Катрин действительно бросила мужа. Однажды весенним утром она чуть свет выскочила из дому. Оставила захолустную жизнь, дом на берегу Йонны и, самое главное, мужа, которого никогда не любила, а под конец возненавидела. Да, она бросила все, бросила даже двоих детей, девочку и мальчика, с бледными, похожими на маску печали личиками и огромными серыми глазами. Бежала с домашней сцены, где разыгрывалась все время одна и та же бесконечная драма и не менялись декорации: драма ее одиночества среди ненависти, скуки и тоски. Бежала от оцепенения всех чувств, от вечной спячки, от медленного умирания души и тела. Ибо она и правда была одержима: одержима бесом желания, наслаждения, движения. Этому влечению к стремительной и свободной жизни она была обязана своей яркой, терпкой красотой.

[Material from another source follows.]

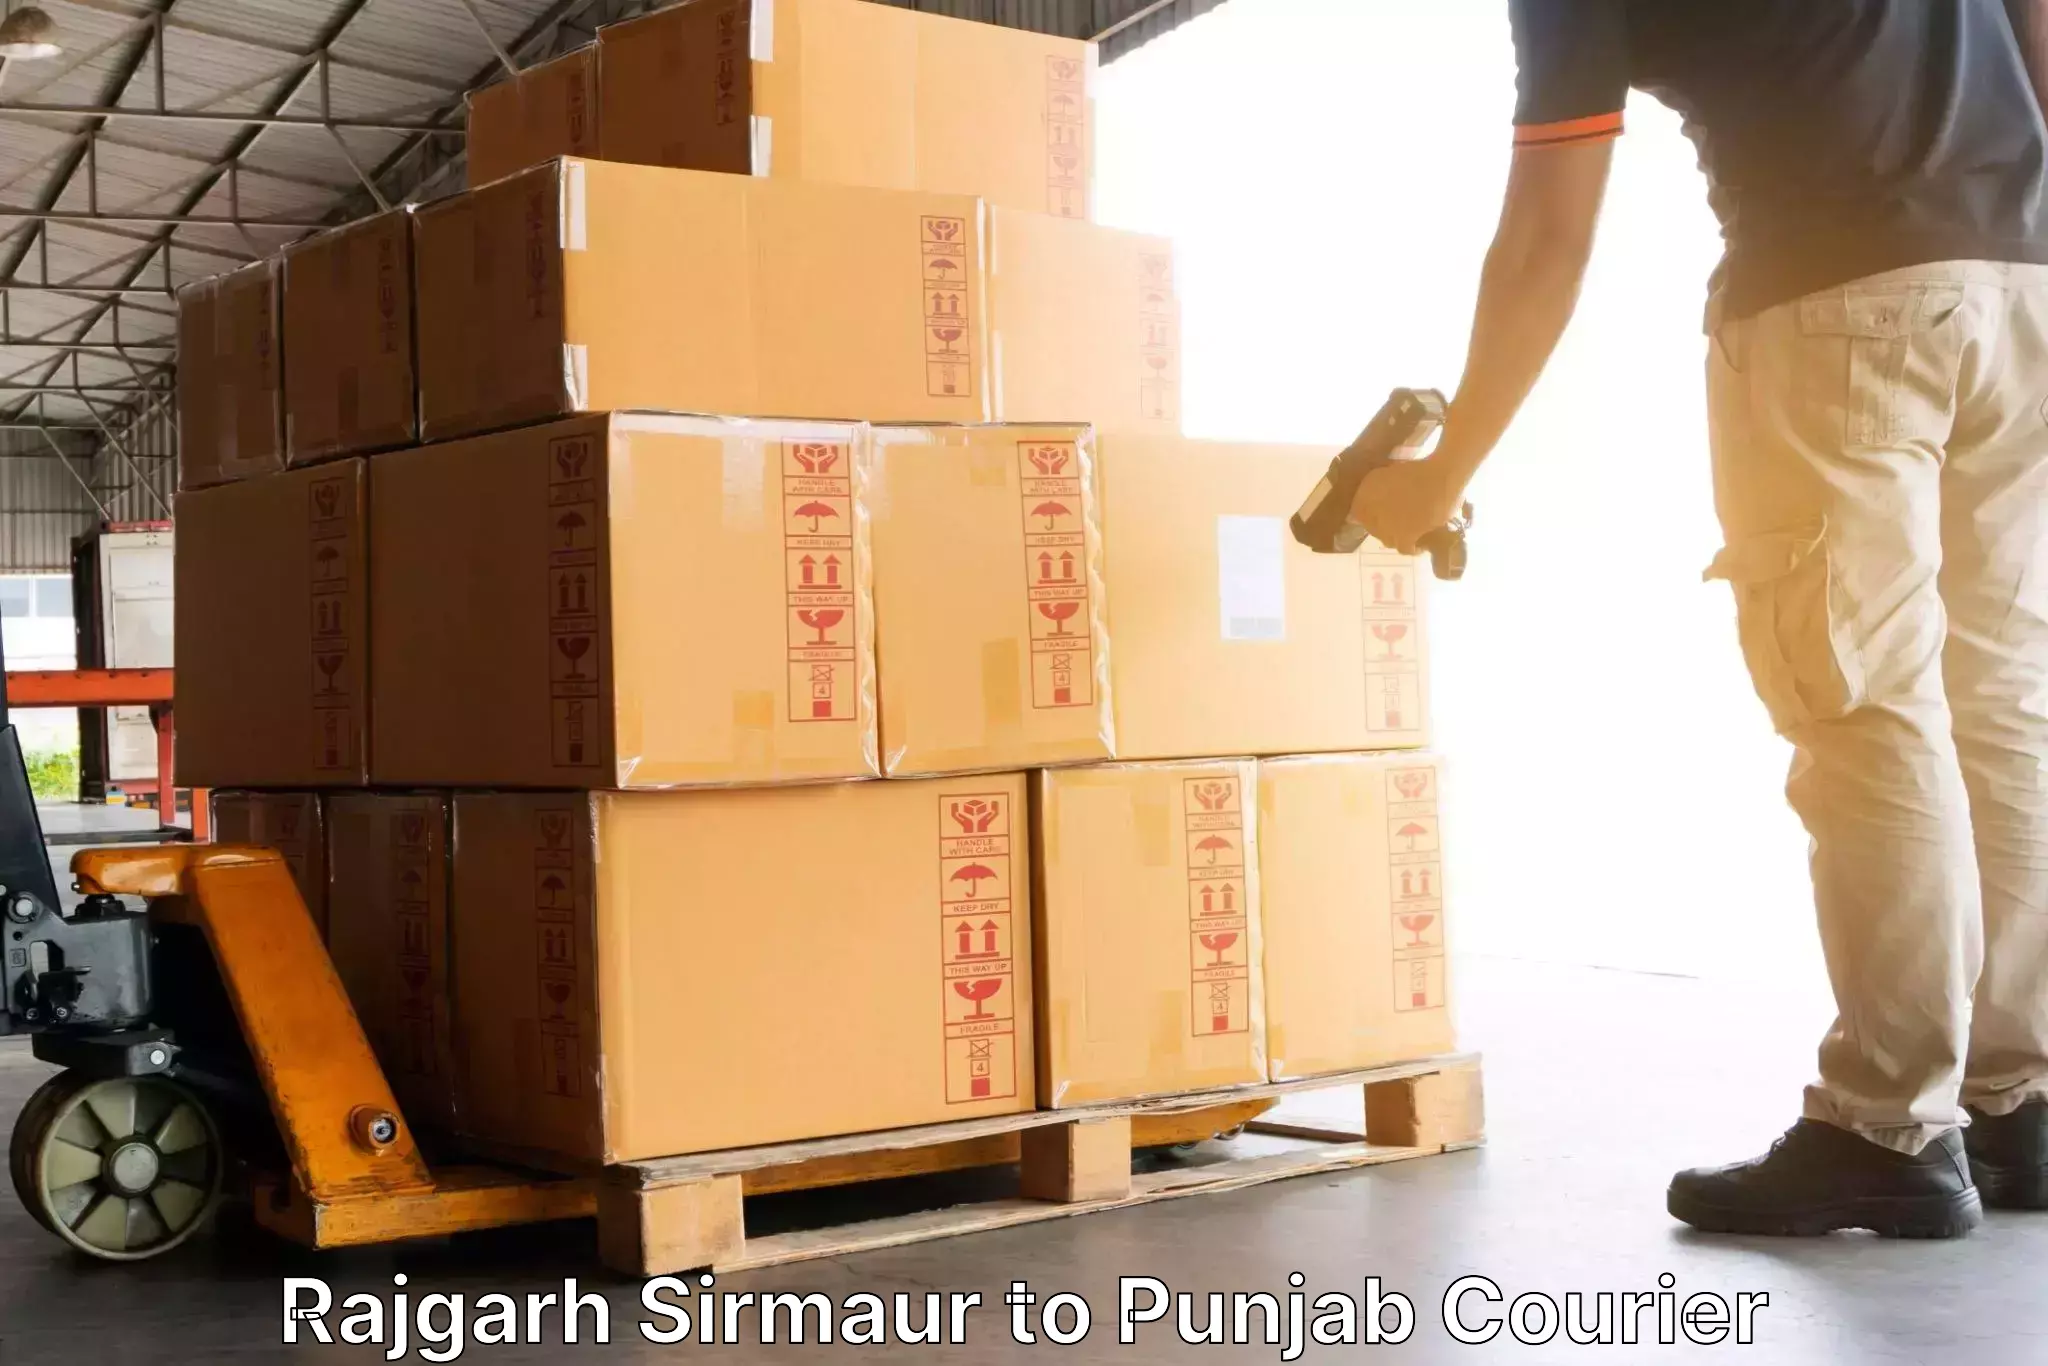 Quick dispatch service Rajgarh Sirmaur to Fatehgarh Sahib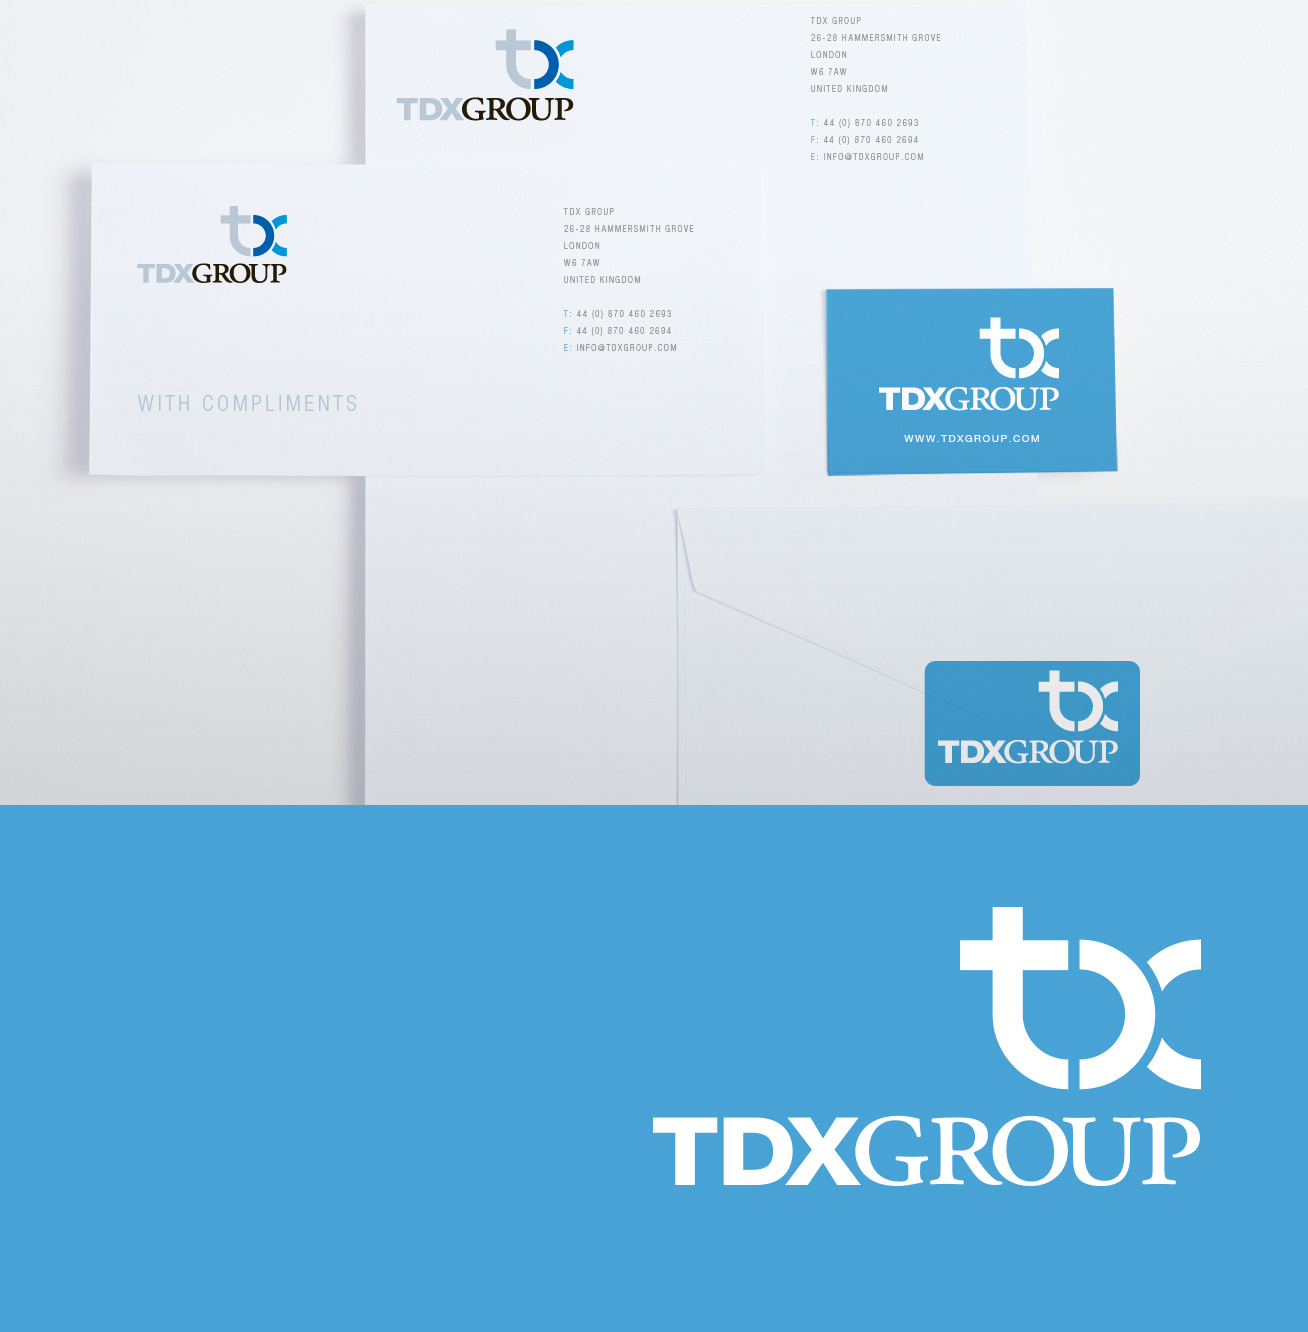 TDX Group - Corporate Identity Design

Она бежала, чтобы поспеть к парижскому поезду, но, как ни старалась, ей это не удалось. В то утро на дороге, ведущей из Кламси к вокзалу, ее догнал муж. Они заспорили, он хотел принудить ее вернуться, она упрямилась. В конце концов Корволь потащил ее с дороги к реке. Они поскользнулись на откосе, упали в покрытые росой придорожные кусты. Встали и снова схватились, теперь уже не тратя слов на уговоры. Чем дальше, тем более зловещей становилась молчаливая схватка. Происходило все это чуть выше Кламсийской протоки, как раз в ту пору, когда по реке сплавляли лес из верховьев с Морвана. Ночи стояли теплые. Луга вдоль Йонны уже цвели, и Амбруаз Мопертюи, который должен был следить за прохождением плотов, ночевал под открытым небом на берегу. Реку загромождали грохочущие бревна. Воды почти не было видно, сплошная лавина стволов. Обезглавленные, лишенные ветвей тела дубов и буков из Сольшского леса с протяжным гулом скользили вниз по течению от деревни к деревне, до самого города, подобно огромному медлительному стаду. Берега оглашались последней песнью деревьев, их горестной жалобой.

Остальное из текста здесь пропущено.